Activity: Whenever an image turns up, omit it and return the remaining data exactly.

The data:
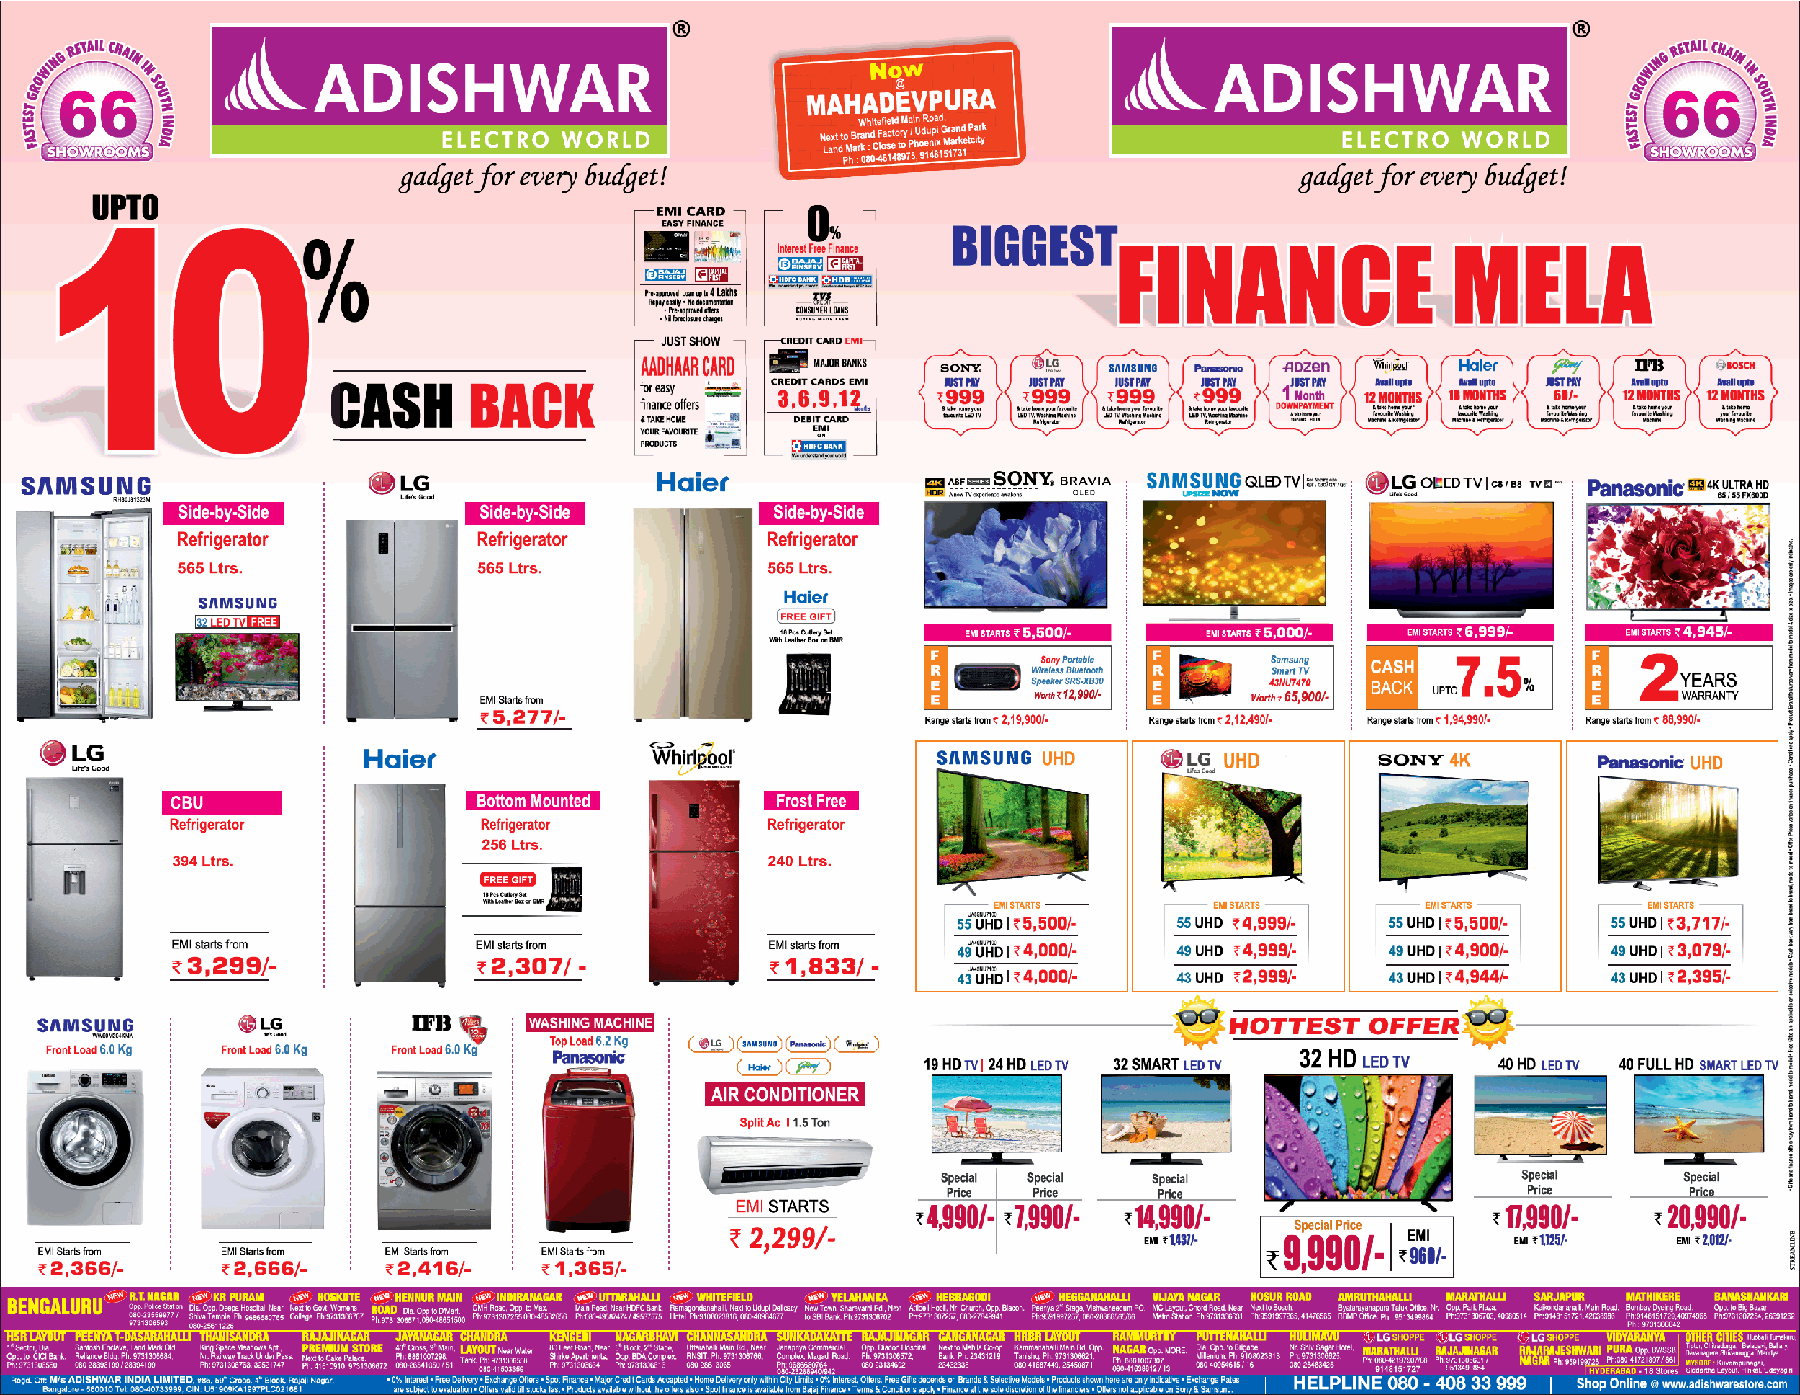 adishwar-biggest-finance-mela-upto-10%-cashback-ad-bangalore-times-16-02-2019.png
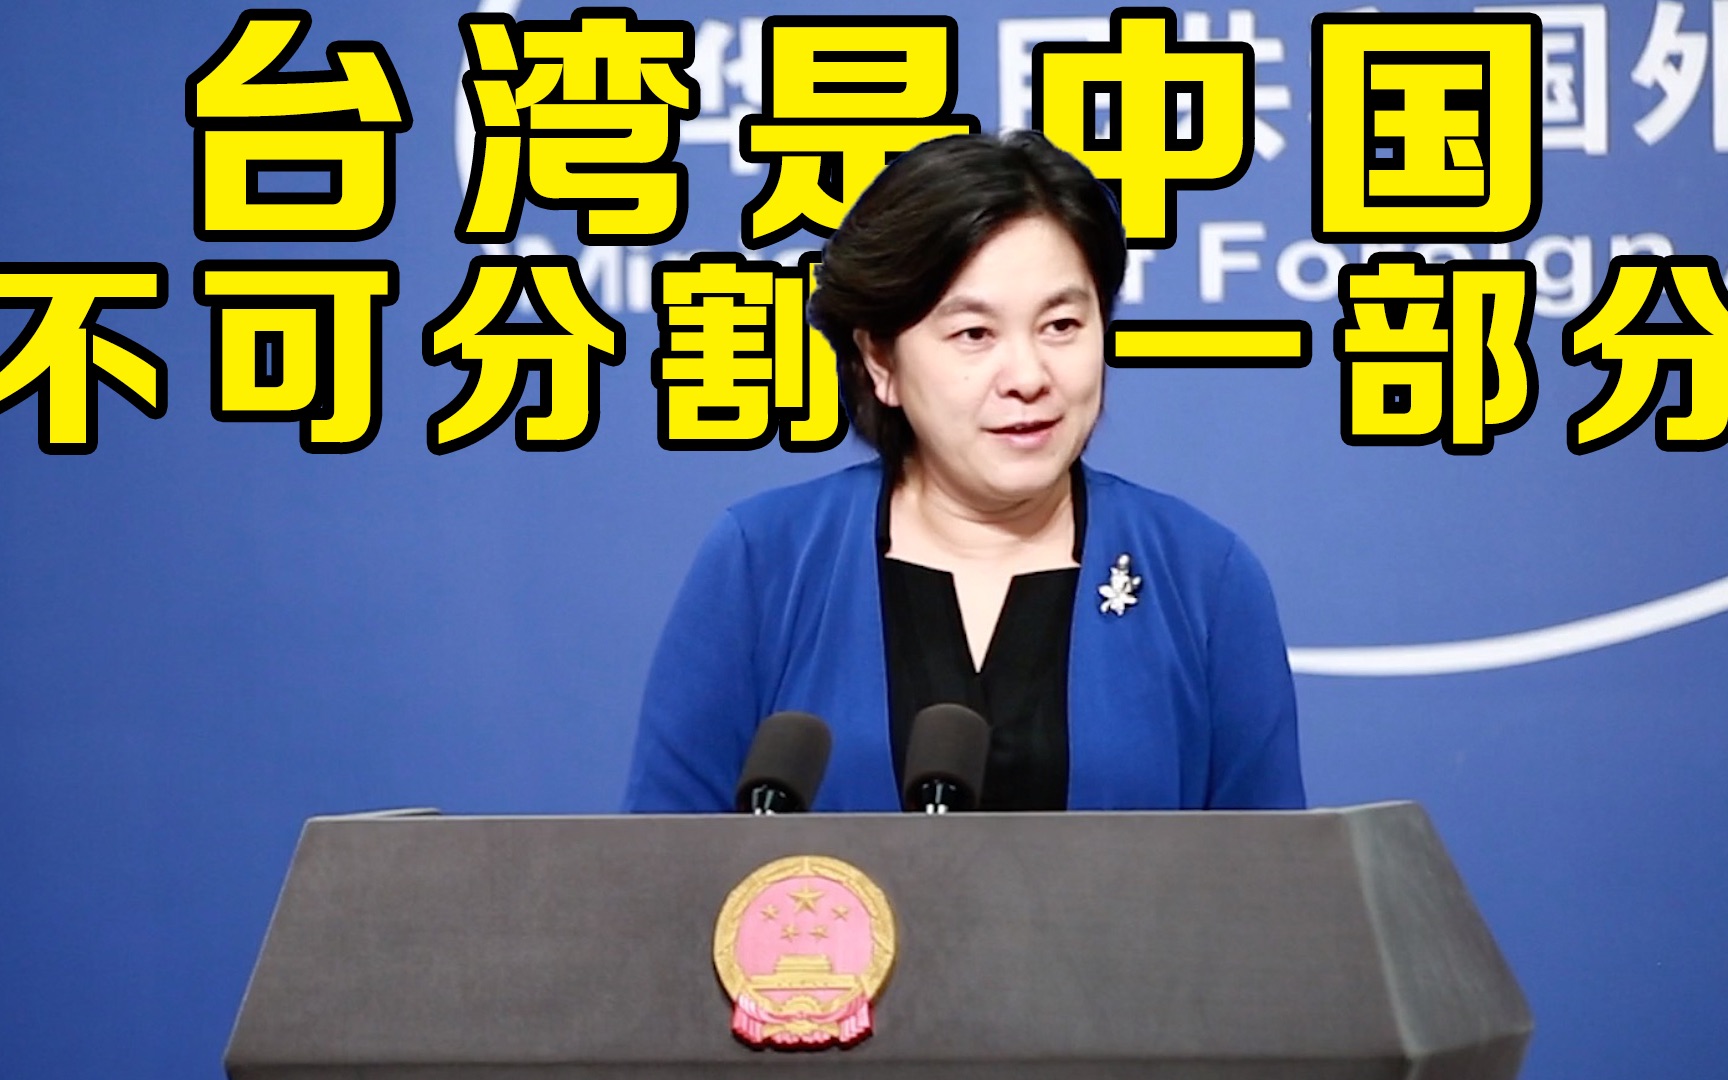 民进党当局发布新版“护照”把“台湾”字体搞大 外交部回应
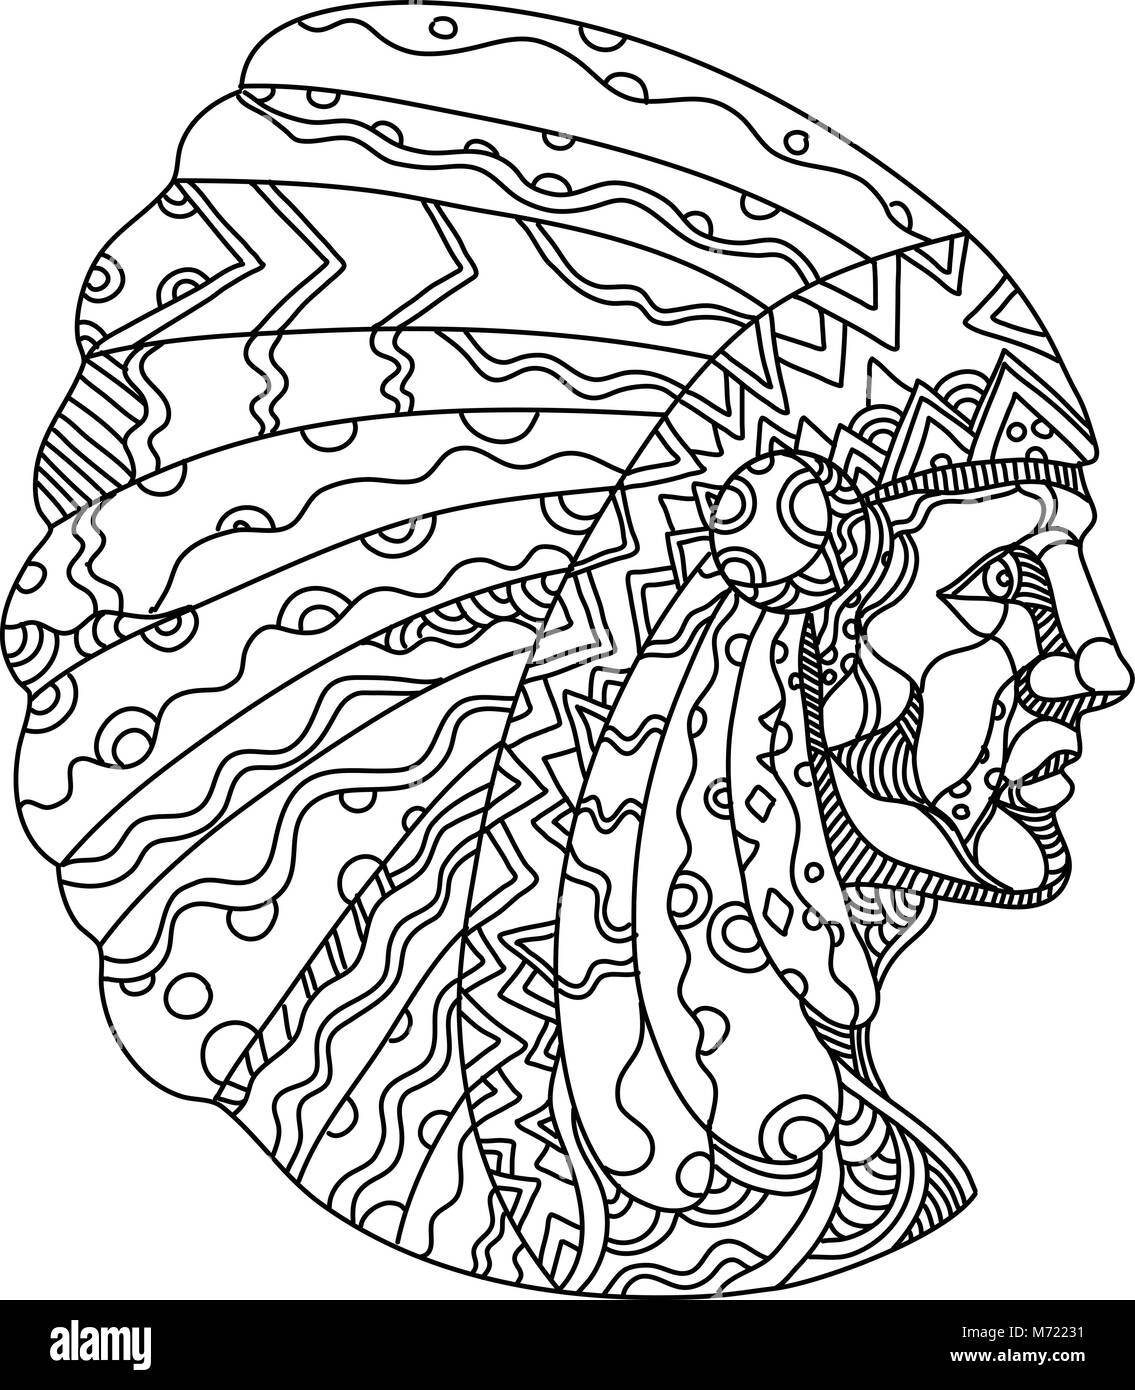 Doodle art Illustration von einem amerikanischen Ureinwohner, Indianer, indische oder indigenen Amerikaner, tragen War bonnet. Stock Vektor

Exercise result:
 adishwar-biggest-finance-mela-upto-10%-cashback-ad-bangalore-times-16-02-2019.png
 民进党当局发布新版“护照”把“台湾”字体搞大 外交部回应
 Doodle art Illustration von einem amerikanischen Ureinwohner, Indianer, indische oder indigenen Amerikaner, tragen War bonnet. Stock Vektor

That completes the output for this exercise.